High School English classes always belabored the 5-paragraph essay as a standard method for teaching concise writing — the introductory paragraph, three body paragraphs, and a conclusion. Soon thereafter, those essays turned into term papers with the additional requirement of providing reliable external sources and utilizing correct citation syntax. Why do I bring up English class in a blog centered around Artificial Intelligence, the answer: Wikipedia.

Teachers never hesitated to discredit Wikipedia. I’ll argue that in early 2000s, Wikipedia was emergent as internet popularity was growing. Yet, teachers were hesitant about the concept of user-created and community-sourced knowledge for third degree references simply due to the unreliability of the content. Whether factual or not, the notion loomed over education for a long time

History Class

The site was founded in January 2001 by Jimmy Wales and Larry Sanger as a spin-off of an earlier project called Nupedia, which was a free online encyclopedia that relied on expert contributors and peer review. Nupedia was slow and cumbersome to produce, and Wales and Sanger wanted to create a more open and collaborative platform that anyone could edit. They decided to use a wiki software, which allows users to create and modify web pages without any technical skills. He named the site Wikipedia as a portmanteau of wiki (a Hawaiian word meaning “quick”) and encyclopedia.
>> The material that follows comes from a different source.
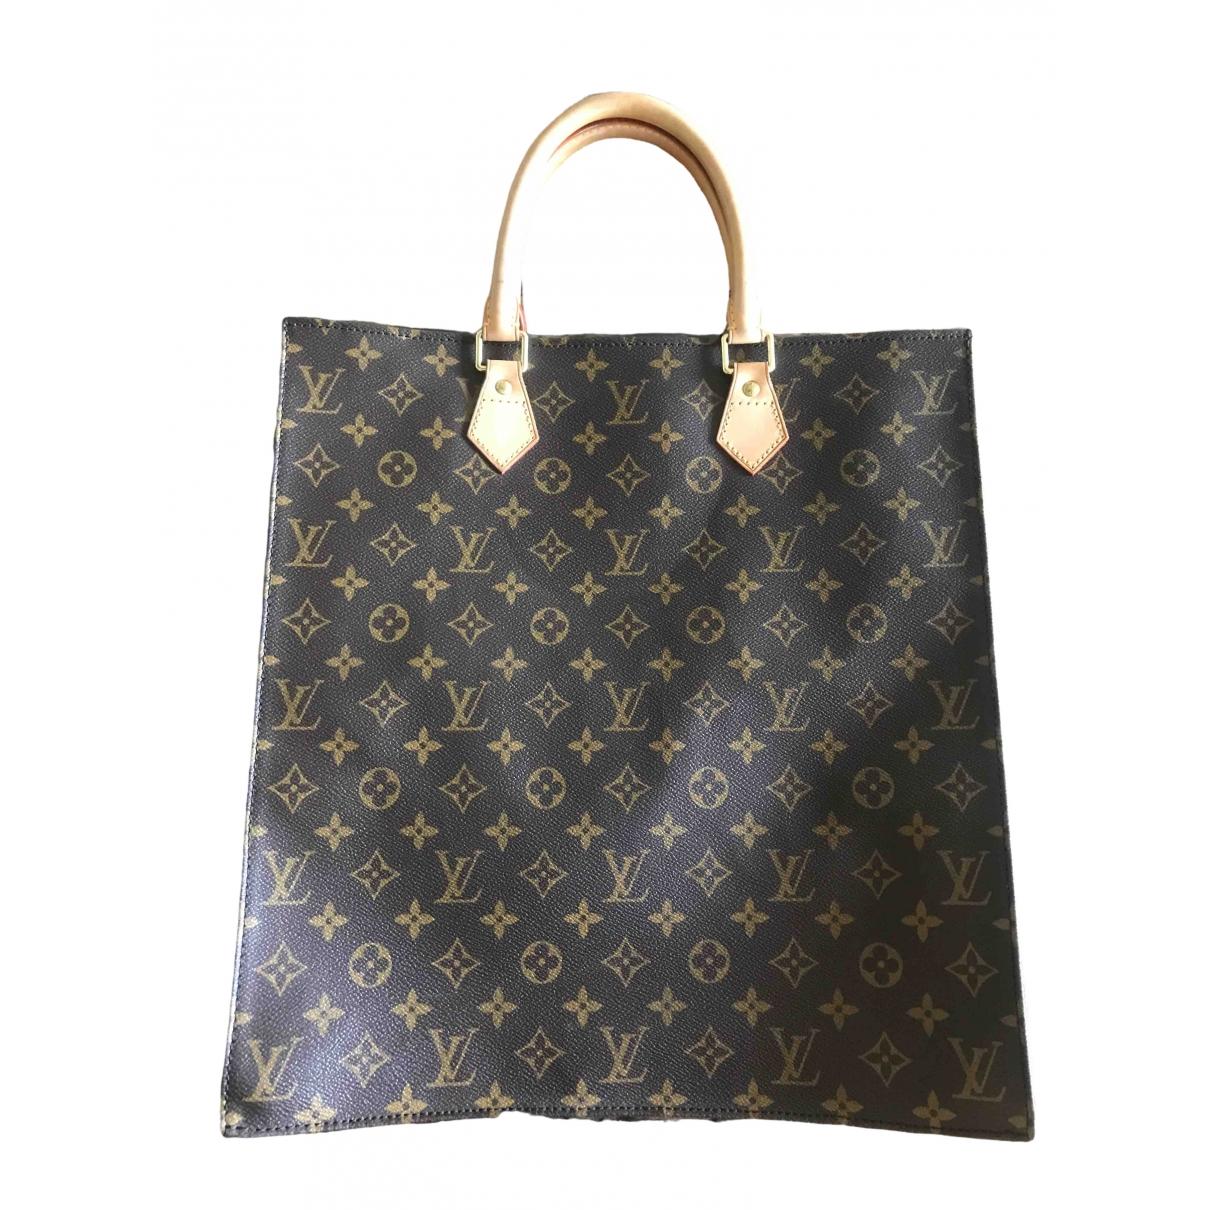 Cabas Plat de Lona Louis Vuitton

The idea of Wikipedia was revolutionary at the time, as it challenged the traditional notions of authority, quality, and reliability in knowledge production. Instead of relying on a centralized editorial board or a fixed set of experts, Wikipedia adopted a decentralized and democratic model of governance, where anyone can contribute, edit, or delete content, as long as they follow certain policies and guidelines. These include verifiability (citing reliable sources), neutrality (representing multiple viewpoints fairly), no original research (only summarizing existing sources), and respect for other editors (avoiding personal attacks or vandalism).

Wikipedia also relies on a community of volunteers, who perform various roles and tasks to maintain and improve the website. These include administrators (who can delete pages, block users, or protect pages from editing), bureaucrats (who can grant or revoke user rights), stewards (who can oversee cross-wiki issues), arbitrators (who can resolve disputes among editors), checkusers (who can investigate user accounts), oversighters (who can hide revisions from public view), bots (automated programs that perform repetitive tasks), and many others.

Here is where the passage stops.